Soundex is woefully inadequate. It's meant to be phonetic but gets stuck on individual letters instead of the spelling. It could be improved by a few simple rules.

The letter numbering is assigned by saying B = 1, C = 2, D = 3, and so on, but assigning a similar-sounding letter to an existing group, so F = 1 because F is labial like B. The next consonant that doesn't sound much like any of the previous ones is L, so L = 4, then M = 5, then the contentious claim that R counts as a consonant and is different from the rest. So you get this list, with their phonetic basis:

1: B, F, P, V -- all labial
2a: C, G, K, Q, X -- all velar
2b: C, S, X, Z -- all sibilant
2c: C, G, J -- all palatal
3: D, T -- both alveolar
4: L -- lateral
5: M, N -- both nasal
6: R -- rhotic in some positions or in some dialects
Because C can be like K and Q in cat they all get lumped together; but because it can be like S in city so do they, with the result that the phonetically nonsensical K = S gets built in. Then CH as in church is like G as in gent, judge is like J; but these are not like the K set or the S set. This fudge caused by treating C just as a letter in isolation means too many sounds get lumped together.

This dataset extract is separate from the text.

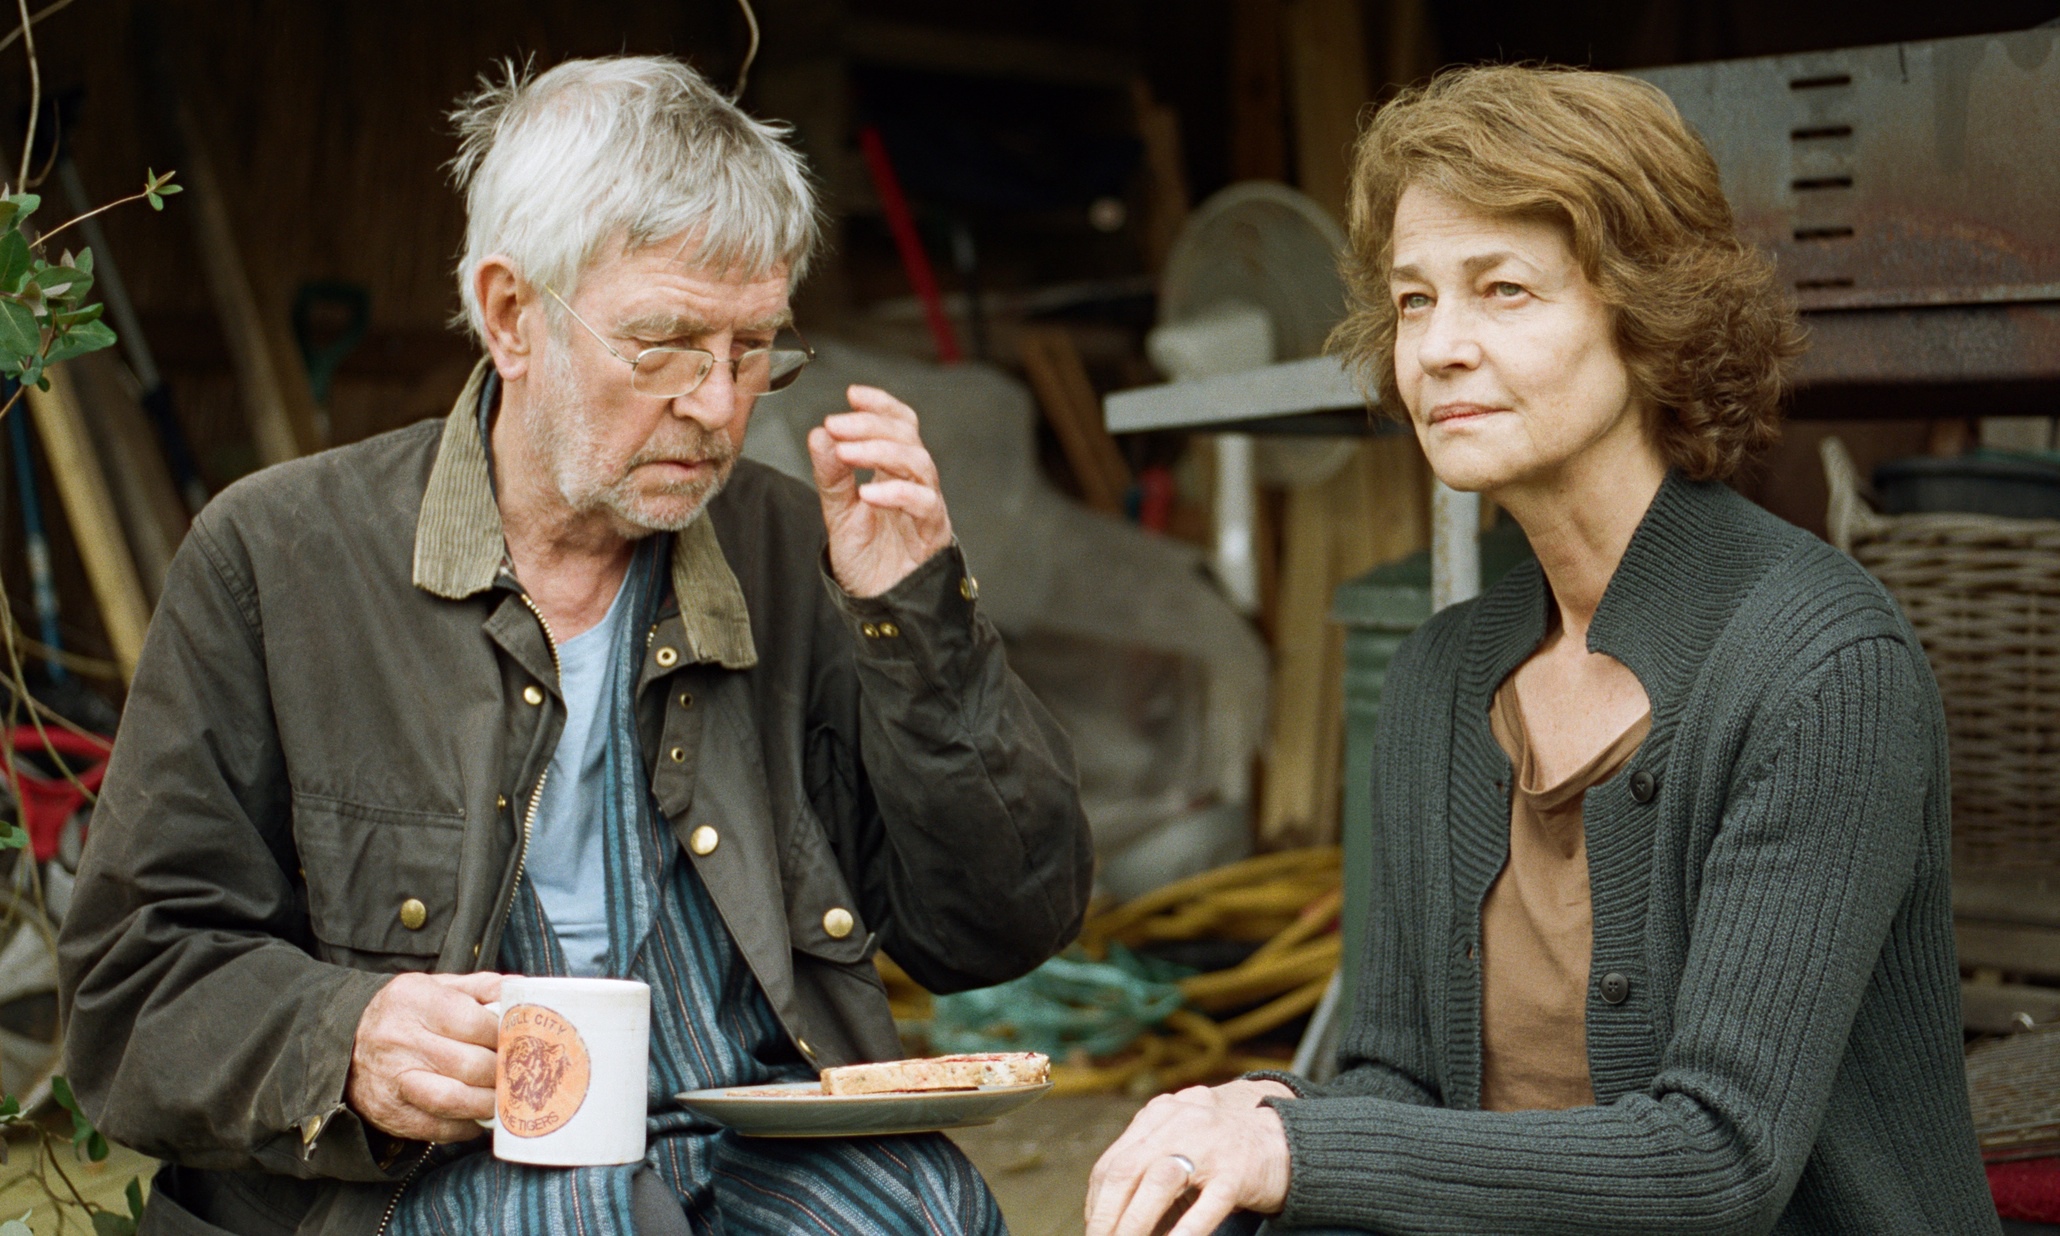 Tom Courtenay and Charlotte Rampling as Geoff and Kate in 45 Years.

Fix: Look at next letter. CE, CI, CY cause equation C = S; CH causes equation C = J; and anything else makes it C = K. These pick up the great majority of contexts correctly.

On the other hand, R gets treated as a consonant even when it's just part of a vowel in many accents, so identical-sounding names like Houghton and Horton don't get picked up. As genealogy is likely to be conducted on names used in England, this is a significant consideration. Fix: Have a dialect switch. If set, look at next letter. If it's a vowel, treat R as a consonant, else ignore it.

The omission of W shows that it's for English-language use. In most languages W = V would be more appropriate.